Prompt
Here is the task for the listing below: output exactly the lines from the one containing "high-quality denim, these" through the one containing "People hold up", and leave out the pictures.

Records supplied
☆ ☆ ☆
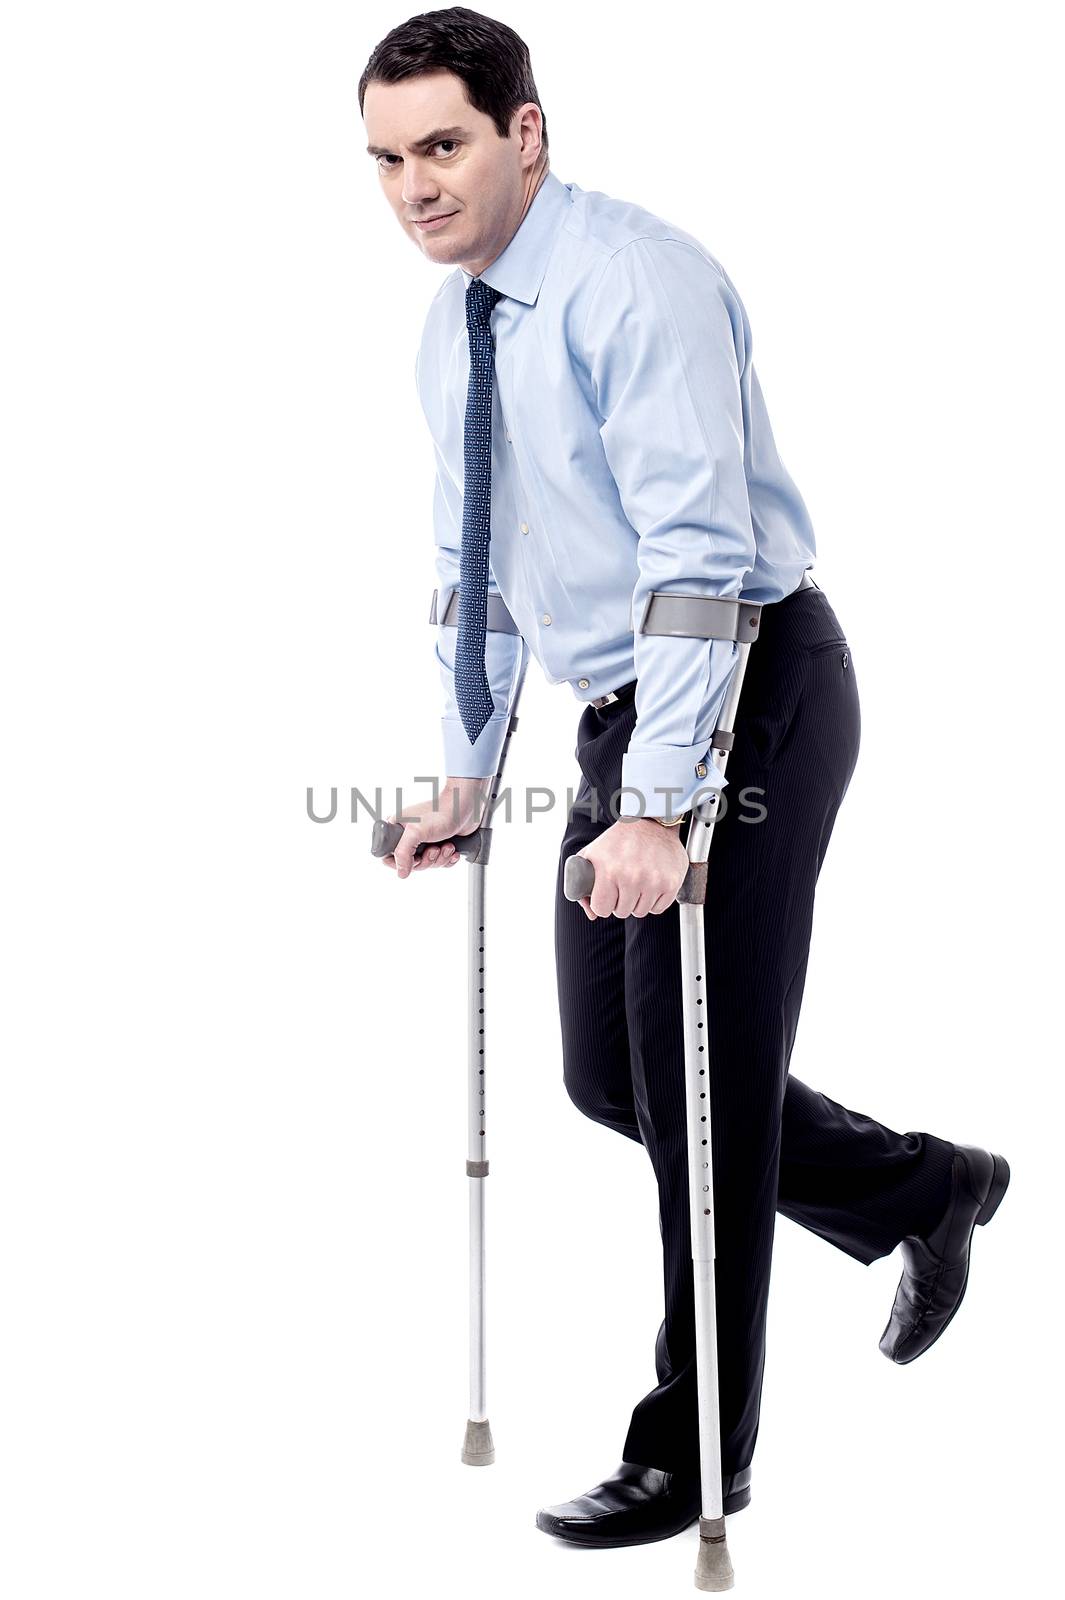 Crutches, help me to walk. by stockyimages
☆ ☆ ☆
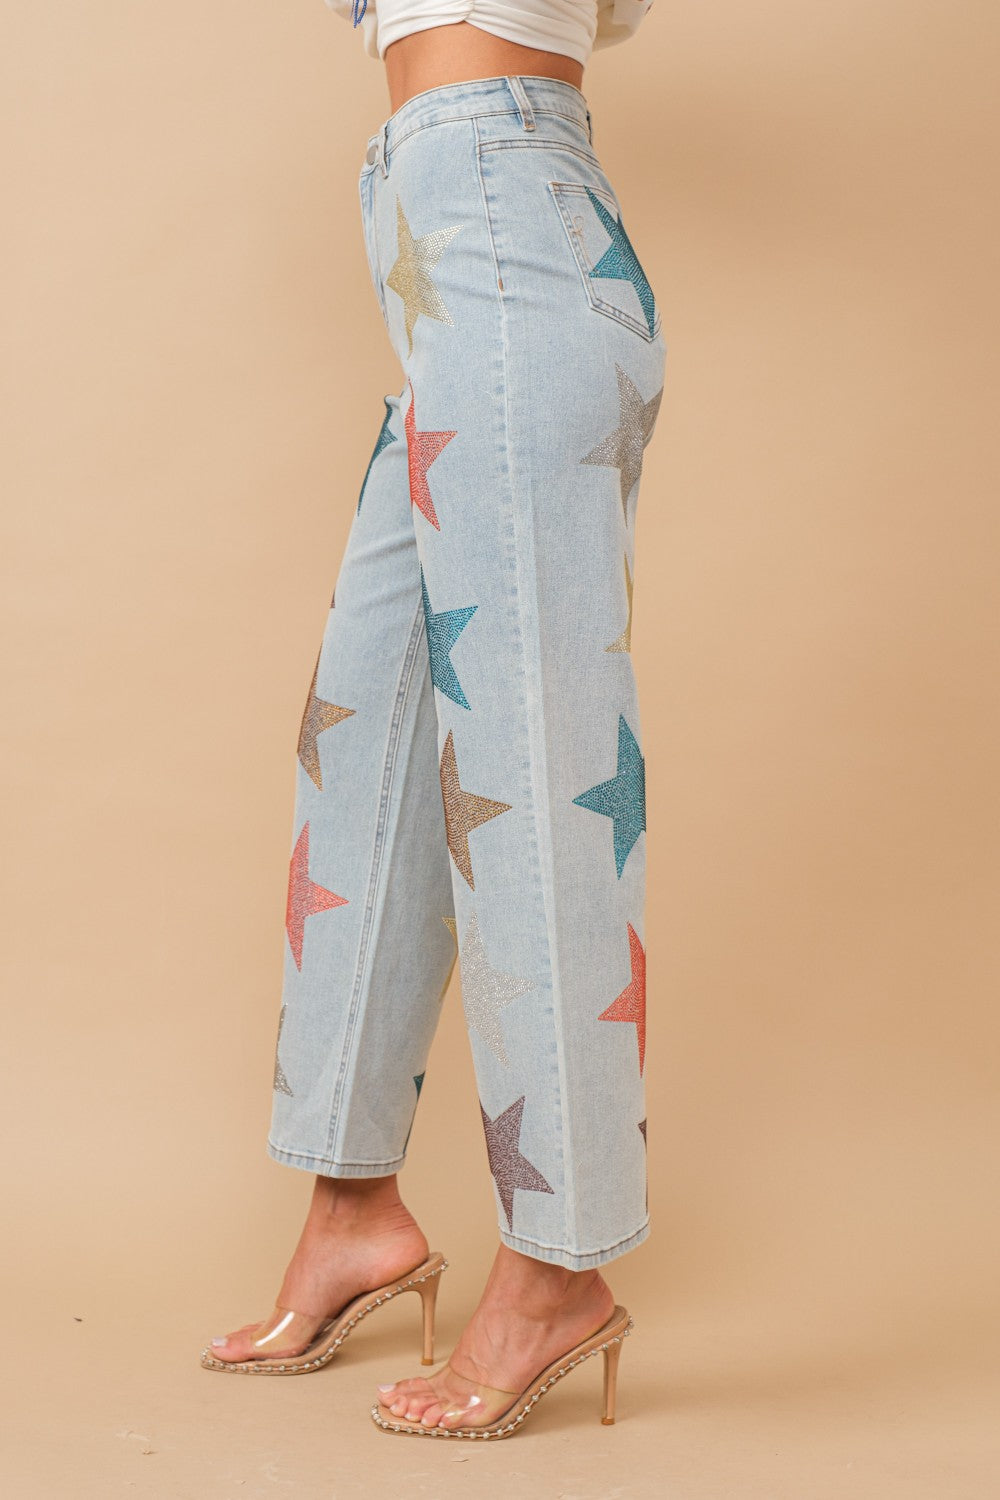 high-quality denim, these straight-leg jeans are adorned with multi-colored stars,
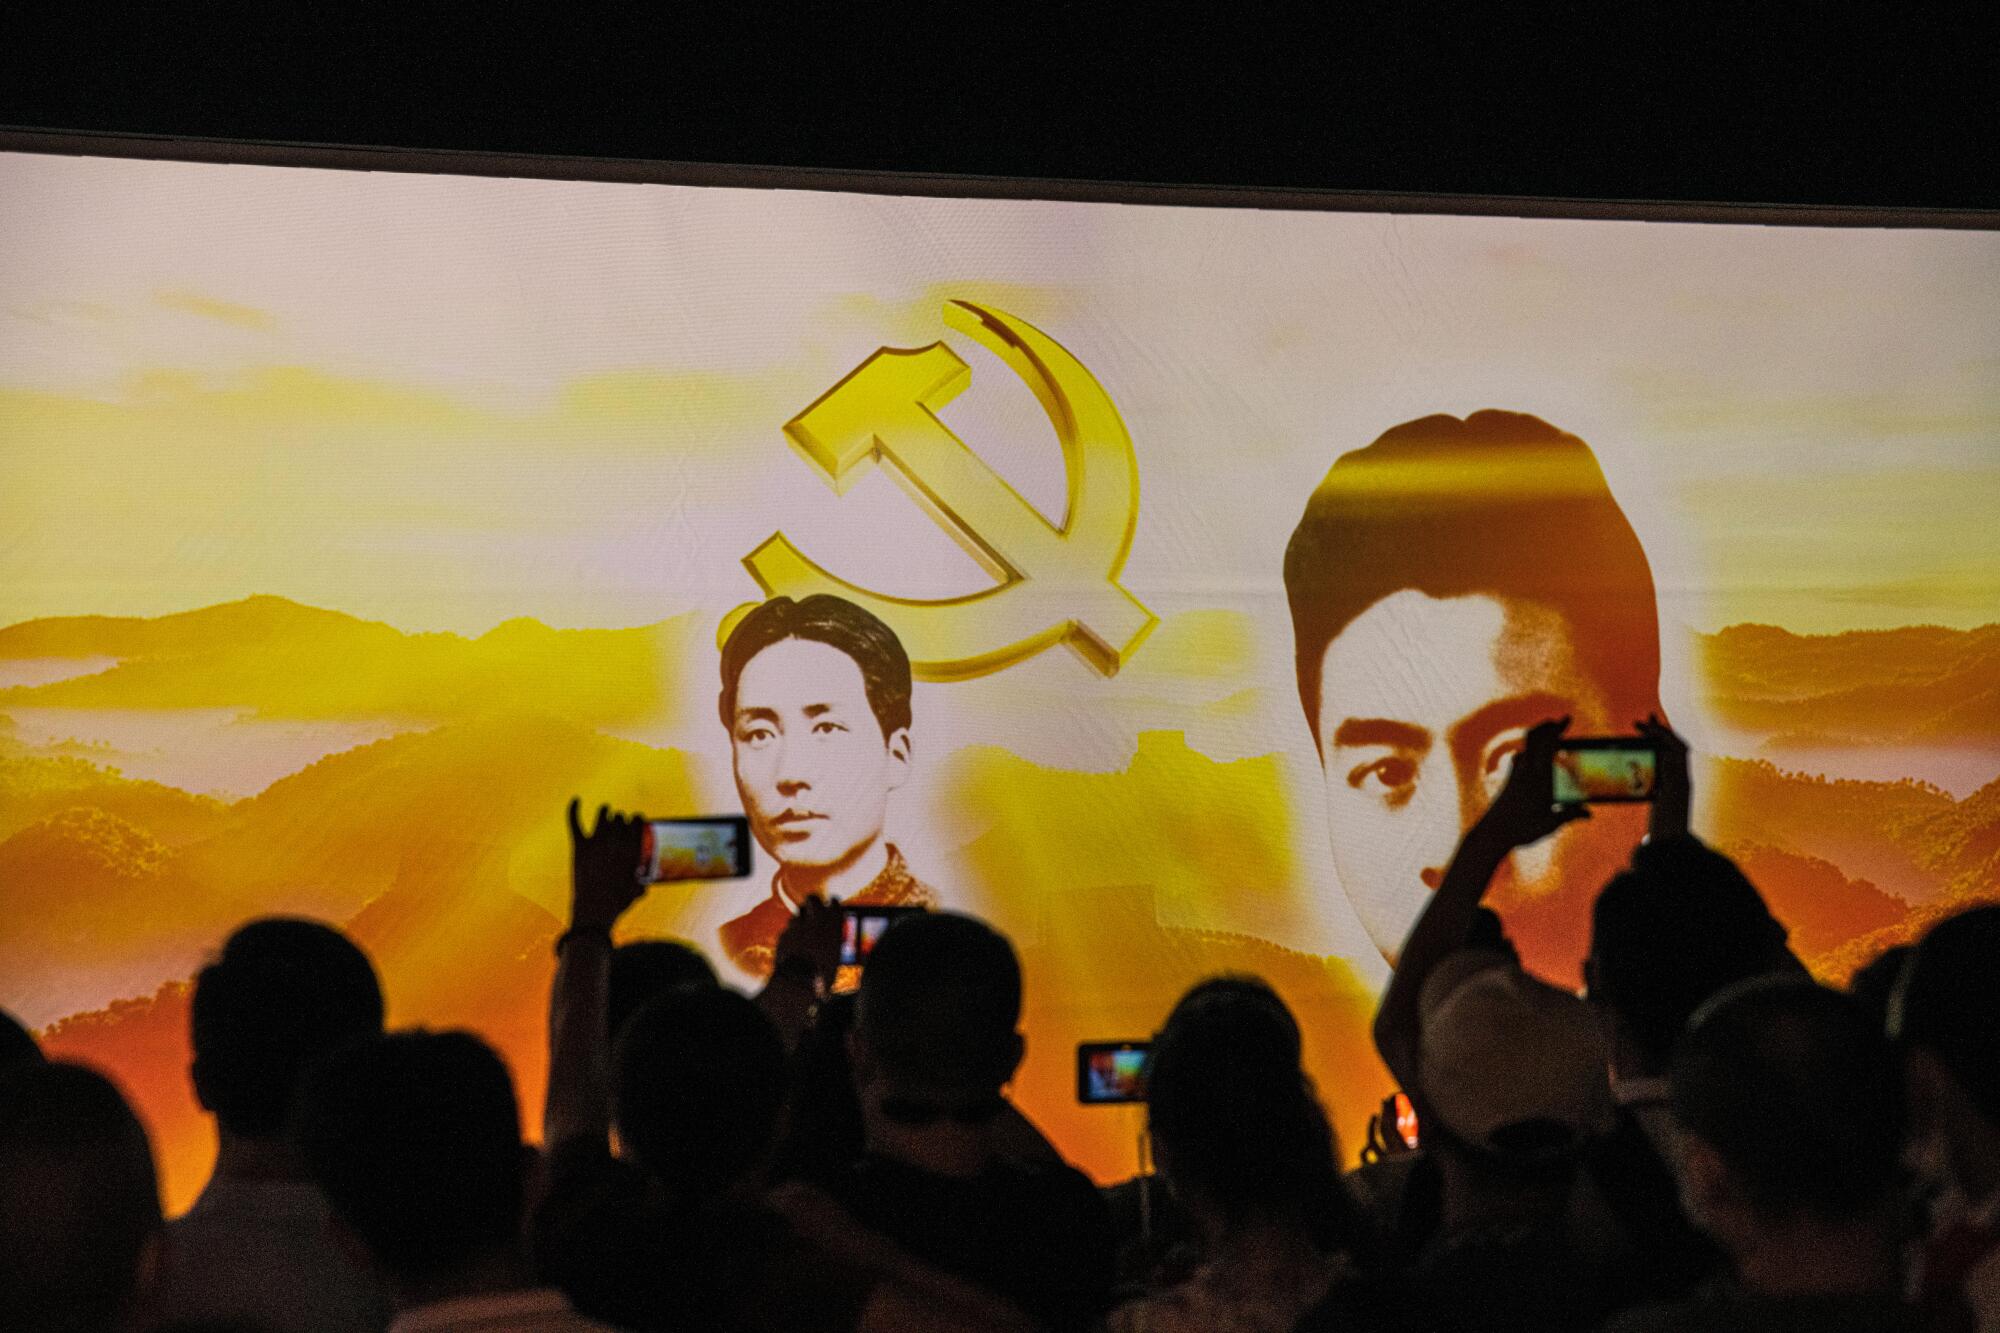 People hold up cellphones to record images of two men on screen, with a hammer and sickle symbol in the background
☆ ☆ ☆
Your solution
 high-quality denim, these straight-leg jeans are adorned with multi-colored stars,
 People hold up cellphones to record images of two men on screen, with a hammer and sickle symbol in the background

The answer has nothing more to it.